What is PDF Metadata?
PDF metadata is information stored inside the file that isn't visible on the page itself. It includes: Title, Author, Subject, Keywords, Creator (the app that generated the file), Producer (the PDF library used), and timestamps for creation and modification. This data is readable by search engines, document management systems, and anyone who checks the file properties.
Why Edit PDF Metadata?
There are three main reasons. Privacy: a PDF exported from Word often contains the author's full name, computer username, and company name — information you may not want to share with external recipients. Professionalism: setting a proper Title and Author makes documents look polished in document management systems and search results.
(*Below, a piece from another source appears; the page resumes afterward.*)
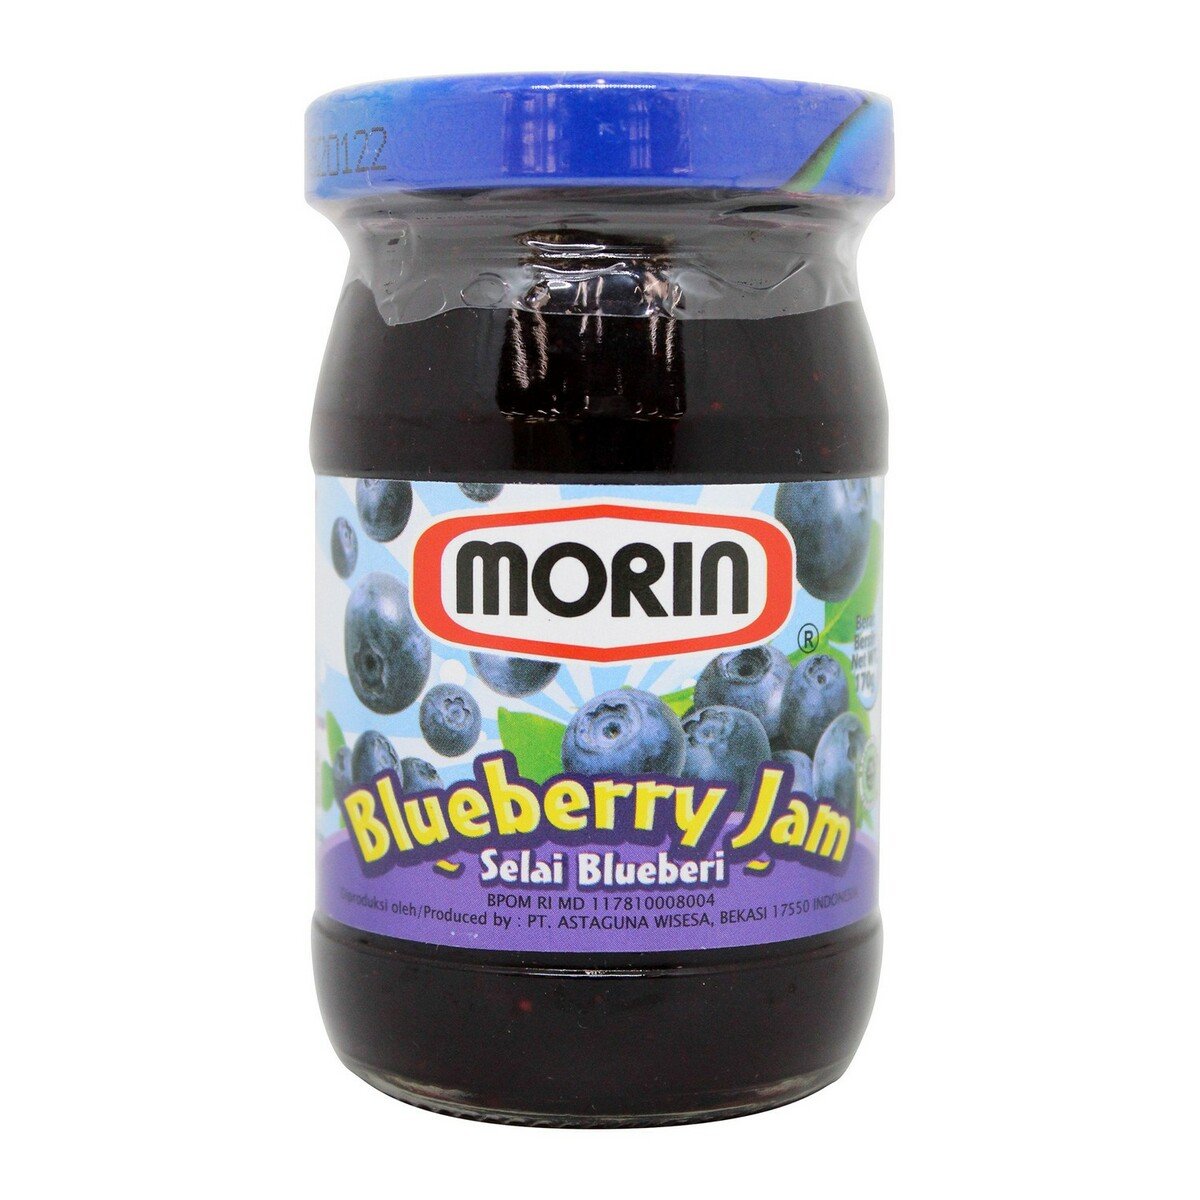 Morin Selai Blueberry 170g

Discoverability: adding relevant Keywords to a PDF published on your website helps search engines index and rank the document correctly.
- Check the Author field before sending contracts — it often shows your Windows username
- Set Title to the document's official name for better display in PDF viewers
- Add Keywords for PDFs you publish online to improve search engine indexing
Step-by-Step: Edit PDF Metadata
1. Open the Edit Metadata tool and upload your PDF. 2. The current metadata values are loaded into editable fields. 3. Update any fields you want to change — leave others as-is. 4. Click Apply to save the changes. 5. Download the updated PDF.
What Metadata Can and Can't Be Removed
Our tool can edit the standard document information dictionary (Title, Author, Subject, Keywords, Creator, Producer). It also strips the XMP metadata packet, which is a secondary XML-based metadata store used by Adobe products. Hidden revision history and embedded file streams are not part of the standard metadata fields and require specialised tools to remove.